New Technology Brings Skeletal Tracking to Multi-Player Virtual Reality Experiences

OptiTrack Active
Courtesy of OptiTrack

Virtual reality in movie theaters and malls is about to get a whole lot more realistic, thanks to new tracking technology introduced by OptiTrack this week. The company, which is already supplying tracking solutions to The Void and other location-based VR startups, introduced a new whole-body VR tracking solution at SigGraph in Los Angeles Monday that could be one more step towards making loction-based virtual reality mainstream.

The new solution is based on a kind of puck that players in VR centers and arcades can attach to their hands and feet. Combined with any data gathered from tracking their VR headsets and any additional equipment, these pucks will help to enable whole-body tracking in multiplayer virtual reality worlds.

OptiTrack started selling its 3D tracking solutions into multiple industries about a decade ago. The company’s customers include visual effects companies, which use OptiTrack’s technology to add some human touch to animated characters by putting real-life actors and athletes into motion capture suits, among other things.

A few years ago, OptiTrack’s executives realized that they could sell the same technology to VR companies as well, in part because all of the hardware vendors in the emerging VR world were specializing on non-commercial applications. “Oculus and Vive have both very good trackers — but they are limited to room-scale,” said OptiTrack Chief Strategy Officer Brian Niles during a recent interview with Variety.

Popular on Variety

VR headsets like the Oculus Rift and HTC Vive offer positional tracking to accurately reproduce movements in a 3D space, but both are currently restricted to a areas measuring between 100 and 150 square-feet — big enough for a living room, but not for a VR center.  That’s why OptiTrack repurposed some of its technology to work in significantly larger spaces, measuring 10,000 square feet and beyond.

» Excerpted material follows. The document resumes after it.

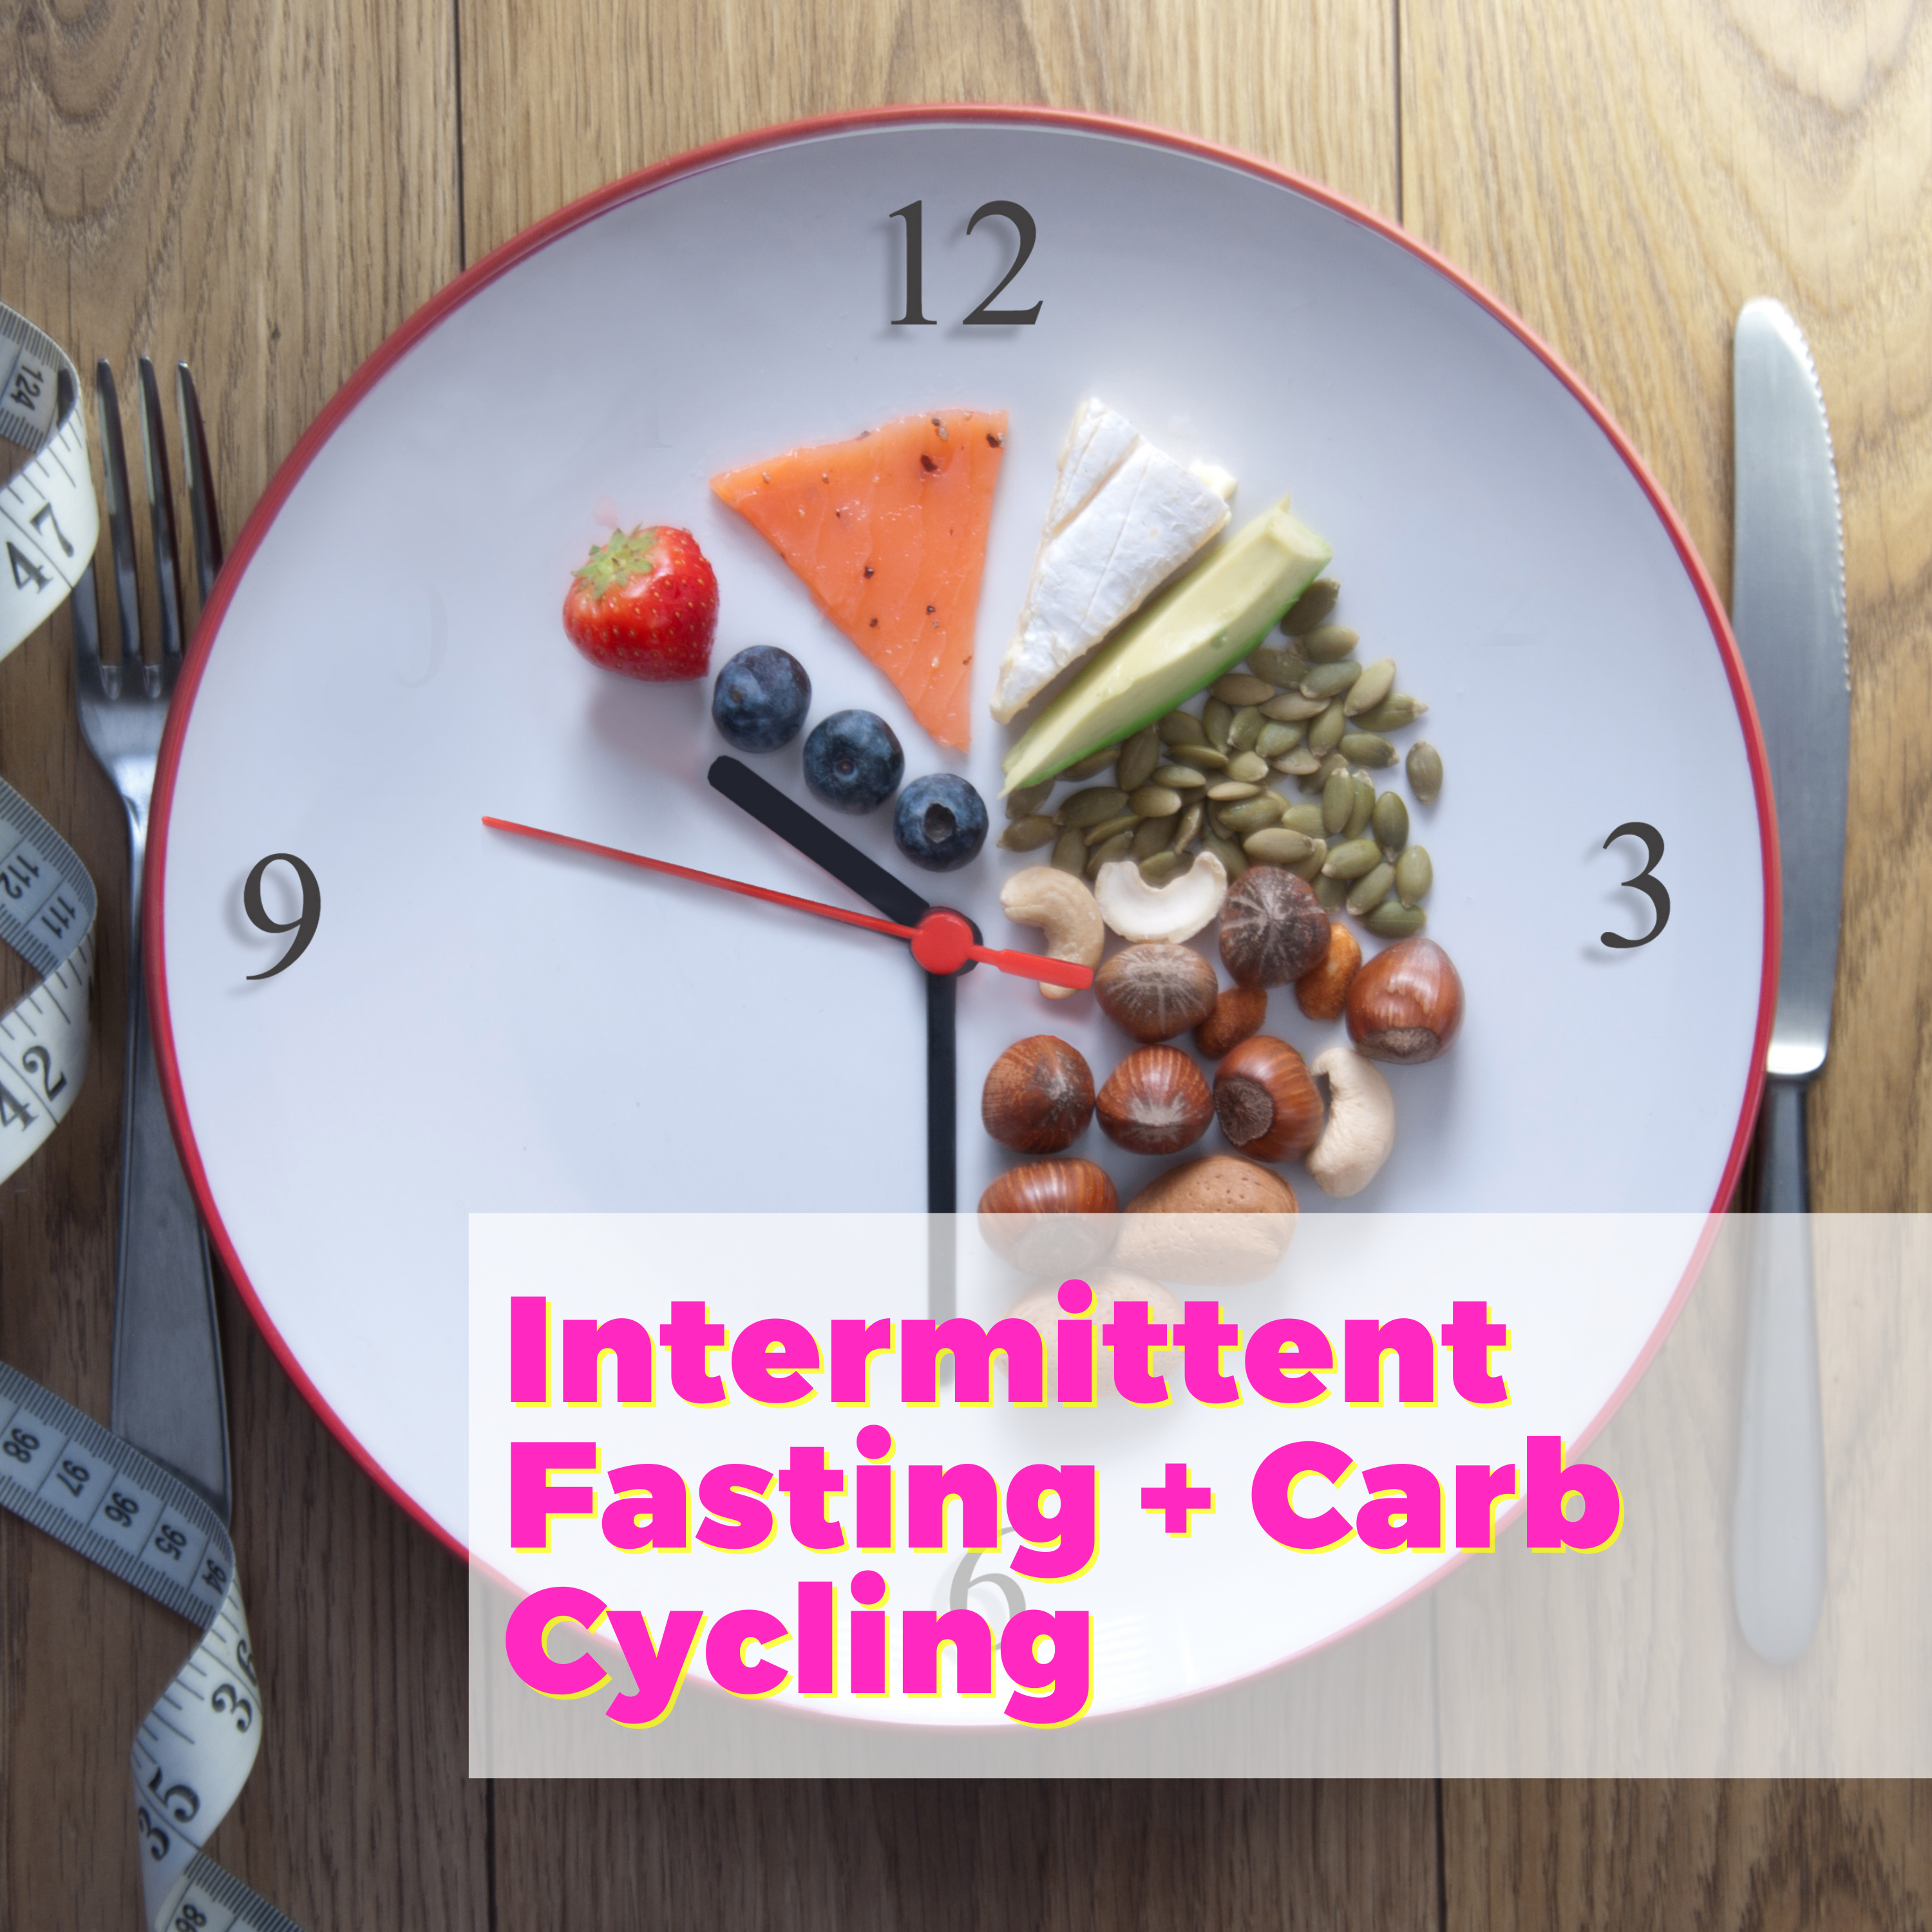 Intermittent Fasting, Carb Cycling And Macros To Support Midlife Body Changes With Le Bergin and Natalie Jill

In addition to bigger areas, OptiTrack’s tech also allows VR center operators to track a much wider range of props to make sure that flashlights, guns and other objects you might pick up in a VR experience are accurately represented in the virtual world. And now, the company is extending this kind of tracking to the players themselves, allowing multi-player experiences to accurately relay the movements of all players in VR. “This is the first skeletal tracking of these players,” said Niles.

OptiTrack also introduced self-calibrating tracking systems at SigGraph Monday, which could further simplify the operation of VR arcades. Motion tracking, whether used in the context of VR or for visual effects, has long required frequent calibration of the cameras used. Operators typically re-calibrate their sets every single day to account for small structural movements, which requires employees to walk through the space and wave a special wand to make sure that all cameras still track everything accurately.

Now, OptiTrack’s systems can do this kind of calibration by themselves, while in use. This may sound like a small advancement, but it could be a big deal in a nascent industry that is trying bring VR to thousands of malls and movie theaters without having to hire expensive specialists for every single location. “High school students will be able to run this,” said Niles.

Correction 12:01pm: A previous version of this story misstated the size of spaces OtiTrack’s solution is capable of tracking.